→ Exercise description:
Set down, word for word, the line with "Vans Classic Slip-on" and the lines after it through the final line of the data below, without pictures.

→ Collected data:
════════

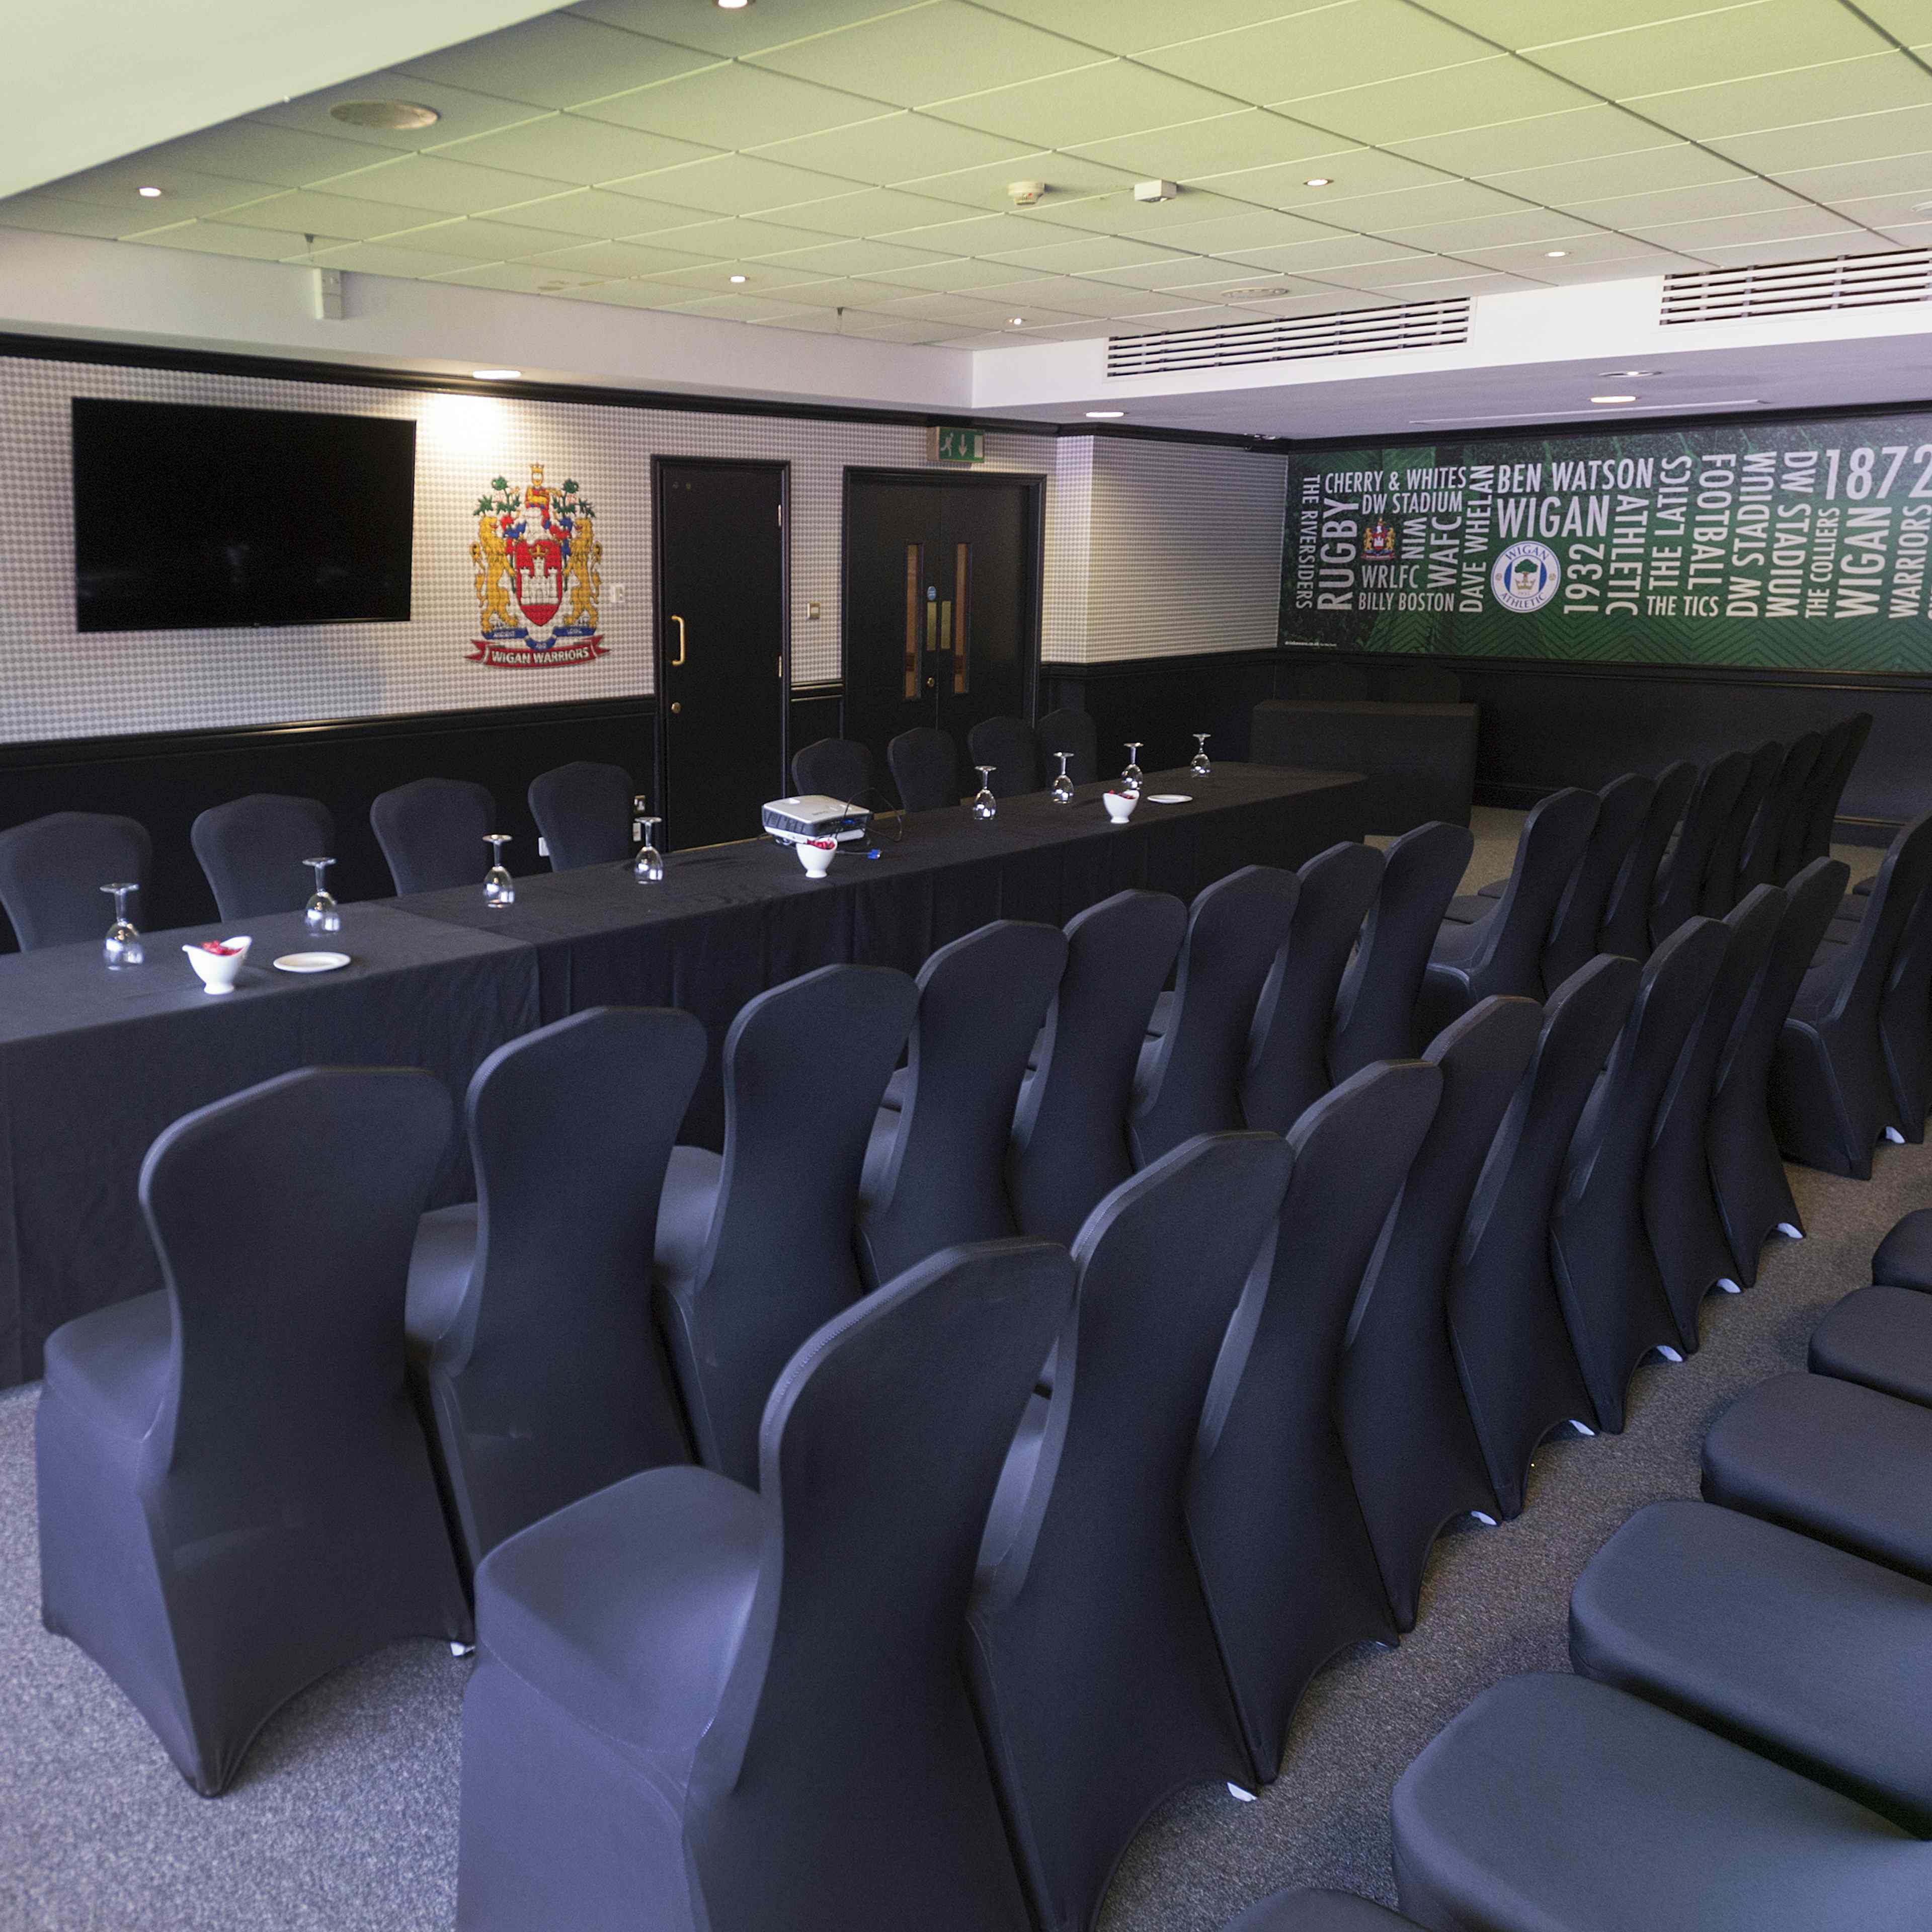 The DW Stadium - The Carling Lounge image 2
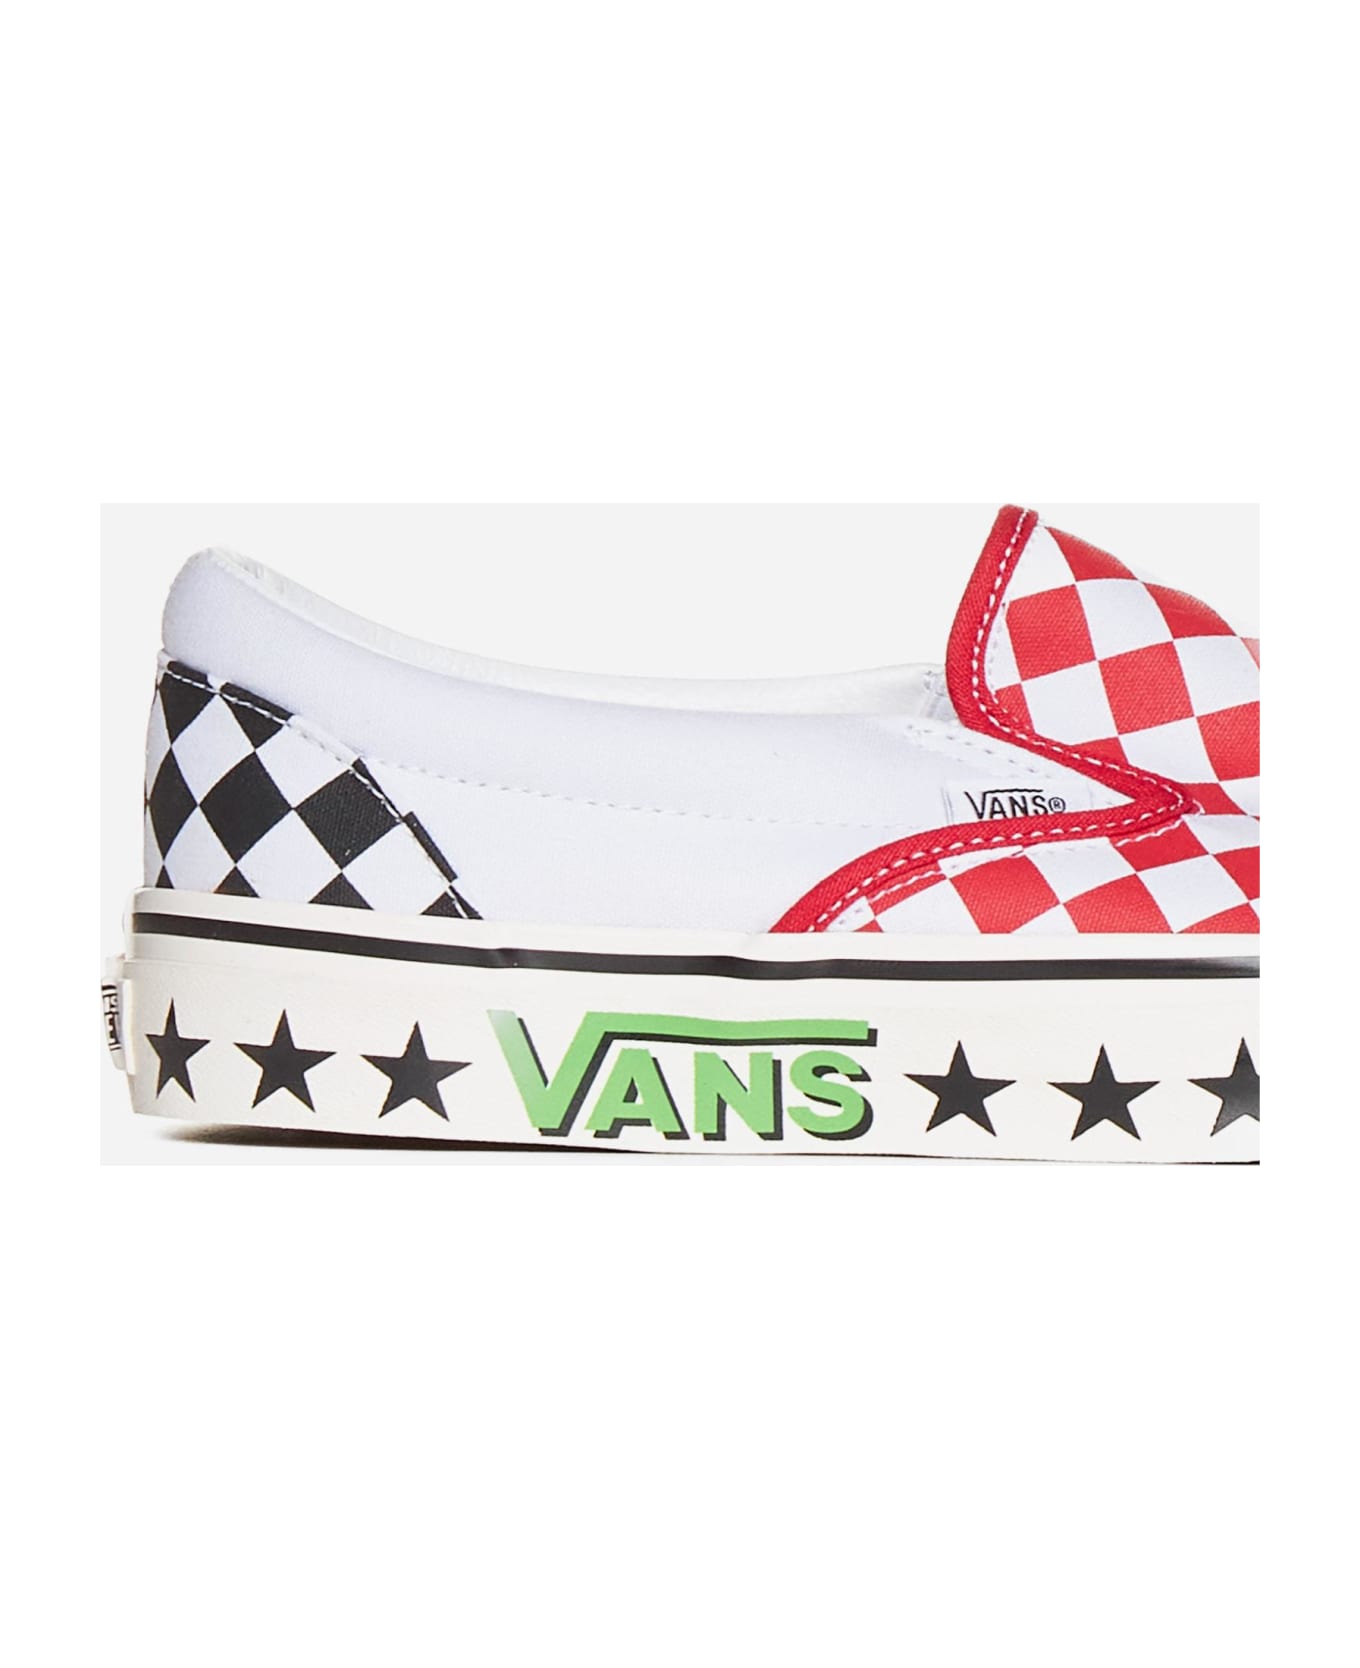 Vans Classic Slip-on 98 Dx Canvas Sneakers - Red/white
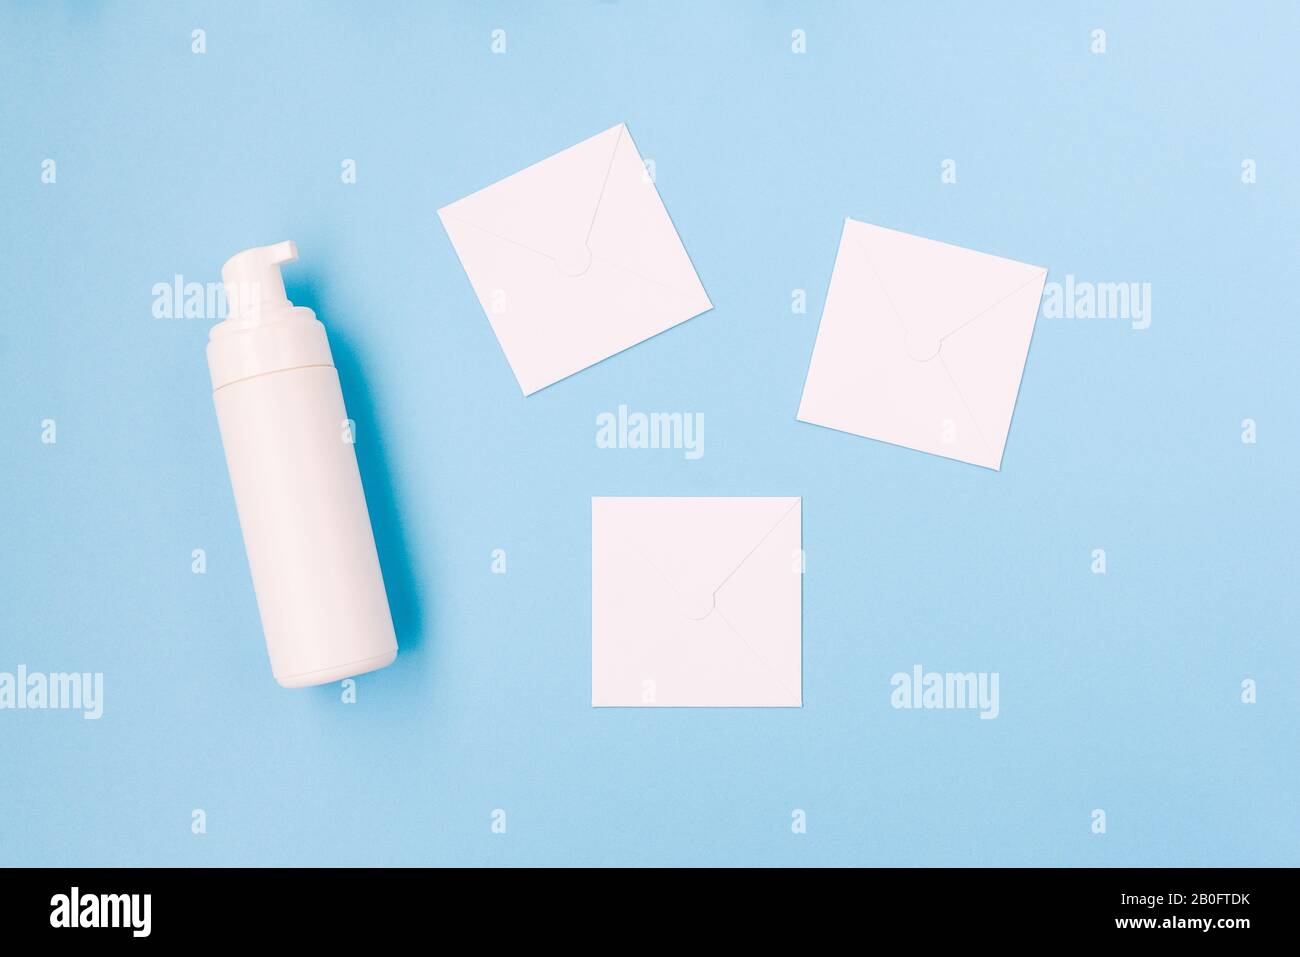 Foam for washing and white paper sheets on a blue background. Plastic white bottle. Cosmetic products for body and face care with copy space Stock Photo

════════

→ Result of this exercise:
 Vans Classic Slip-on 98 Dx Canvas Sneakers - Red/white
 Foam for washing and white paper sheets on a blue background. Plastic white bottle. Cosmetic products for body and face care with copy space Stock Photo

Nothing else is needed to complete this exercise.